Implementing new precision agriculture technology is a smart move for Australian farmers, but it is a major investment. The benefits are:

  • Allow farmers obtain large sets of data
  • Improves understanding of paddocks and plants
  • Adds a level of accuracy to certain operations
  • Increase yield
  • Reduce wastage
  • Save time
  • Cuts costs

Most farmers have their own agronomists…

Agronomists are scientists, whose area of study is plants and soil, in order to increase productivity, develop better cultivation, planting and harvesting techniques; improve crop yield, quality of seed and nutritional values of crops; and solve problems of the agricultural industry.

Feed Sorghum …
Around 2010, world and local demand for feed grains (sorghum in particular) and chick peas skyrocketed, with the value of these crops overtaking cotton in value to the producers.

South East Queensland is the feedlot capital of Australia, and there are several hundred thousand cattle on feed within a 100klm radius of Warra at any one time creating a wonderful opportunity for local farmers to supply this industry with sorghum, corn, barley and wheat.  Around the same time the world ran short of chick peas and the prices escalated which resulted in many more being grown, despite challenges with disease and insects.

In about 2015, China began buying our sorghum as a premium feedstock for their baijiu (liquor) and the price rose significantly, but as at 2021 this market is subdued with trade bans by China on sorghum. However, some sorghum is still finding its way to China.

The egg industry also relies on sorghum to give eggs their nice yellow yolk.  Many other countries allow artificial feed additives to create this yellow yolk, but with our sorghum we do not need this.

Heliothis …
It is interesting to note that heliothis is the major pest of agricultural crops in Australia, particularly sorghum, corn, cotton and chick peas.  These insects are now controlled in sorghum, corn and chick peas with a biological insecticide which has no deleterious impact on any other organism, and is naturally occurring.  The commercial production of this insecticide requires the production of millions of live caterpillars per day in controlled environments to make the insecticide which is a nuclearpolyhedrosis virus (NPV).  Heliothis in cotton are remarkably controlled by the natural Bt insect toxin produced by the plant with genetic engineering.  As with the NPV, the GM crops have no deleterious impact on the environment or human health.

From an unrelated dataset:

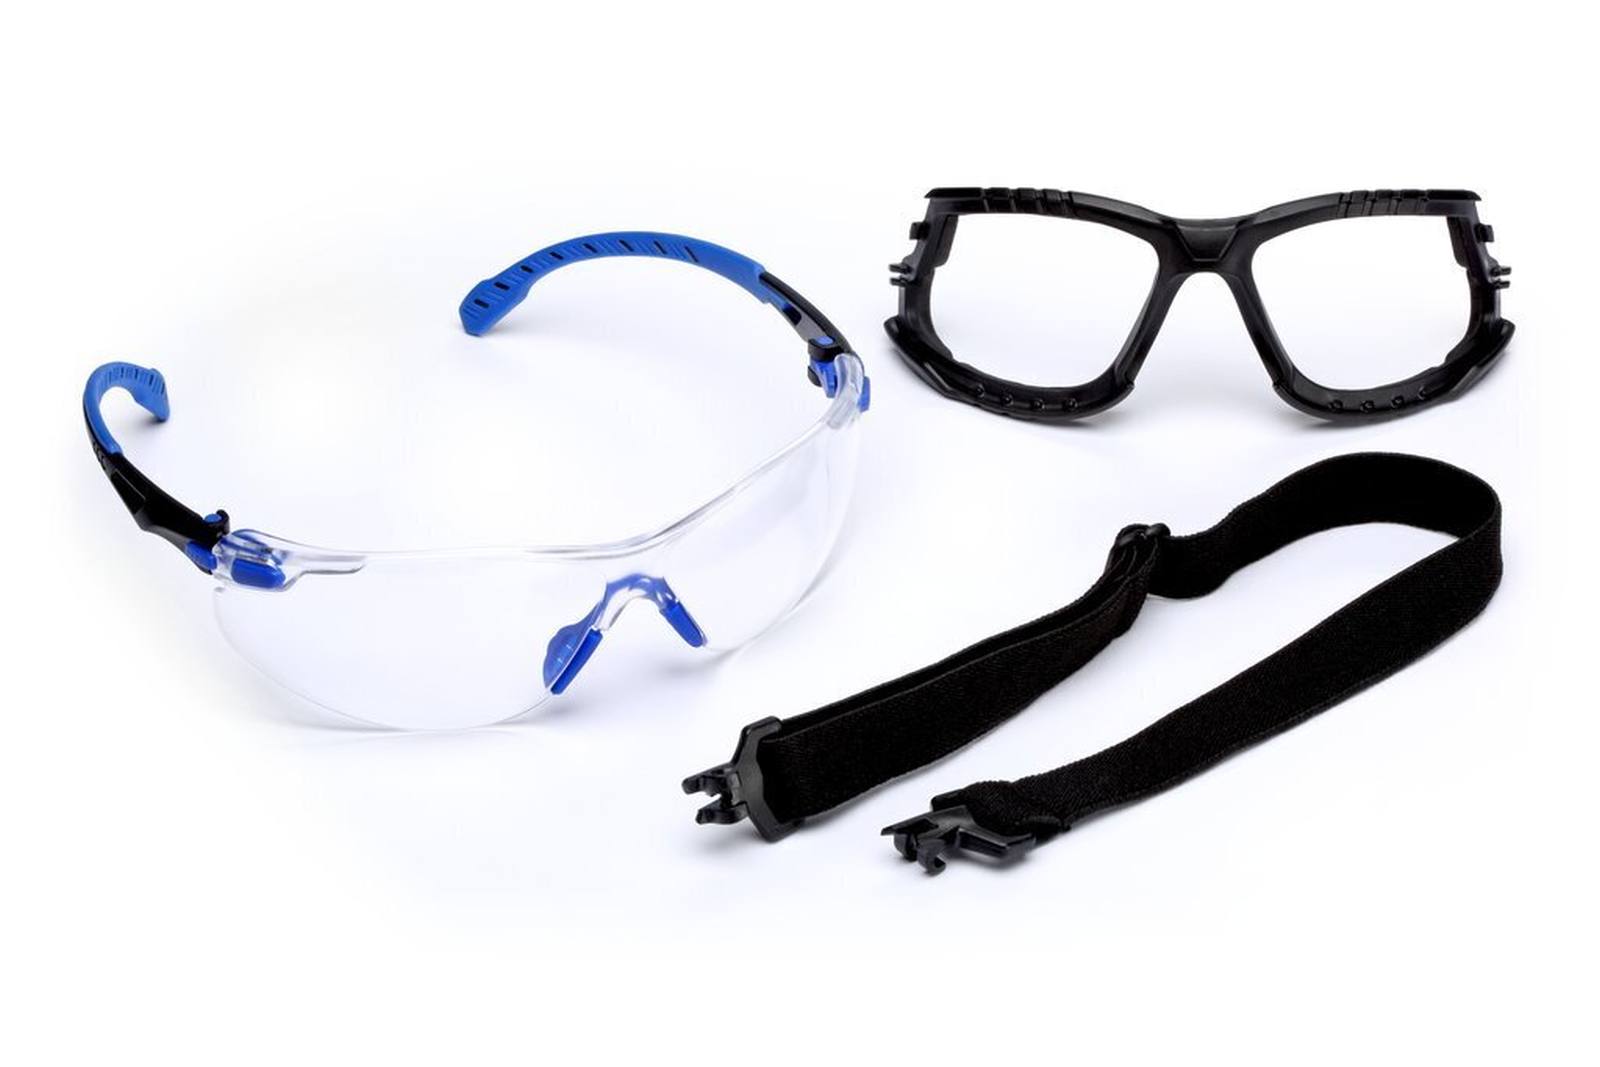 3M Gafas de protección Solus 1000, patillas azul/negro, revestimiento Scotchgard antivaho/antirayas (K&amp;N), lente transparente, montura y cinta de espuma, S1101SGAFKT-EU

Australian production of NPV’s (VIVUS) started on a farm north of Warra in 2001 and the company now has a factory in the United States and sells NPV’s for a range of insects all over the world.

Changes in Agriculture …
Warra’s agricultural practices have evolved through many phases: broadscale sheep, intensive small scale dairy, cattle, and now broadacre automated farming enterprises. As in all industries, efficiency and scale are the key to production and profitability, and Warra’s farmers have been forced to scale up and automate with the unfortunate result of local population decline. In recent years, corporate farms owned by Australian and international superannuation and pension funds have purchased large tracts north and east of Warra further exacerbating this decline.

Agricultural fortunes worldwide fluctuate wildly with droughts, floods, oversupply and shortages, and now international trade wars.

Warra’s farmers have remained resilient and adaptive through all these challenges, and currently can boast some of the best farmers in Australia.  Whilst many farming communities struggle with elderly farmers and children leaving the area never to return, Warra is blessed to have a whole generation of younger farmers taking up the reins, and leading us into the next exciting decades.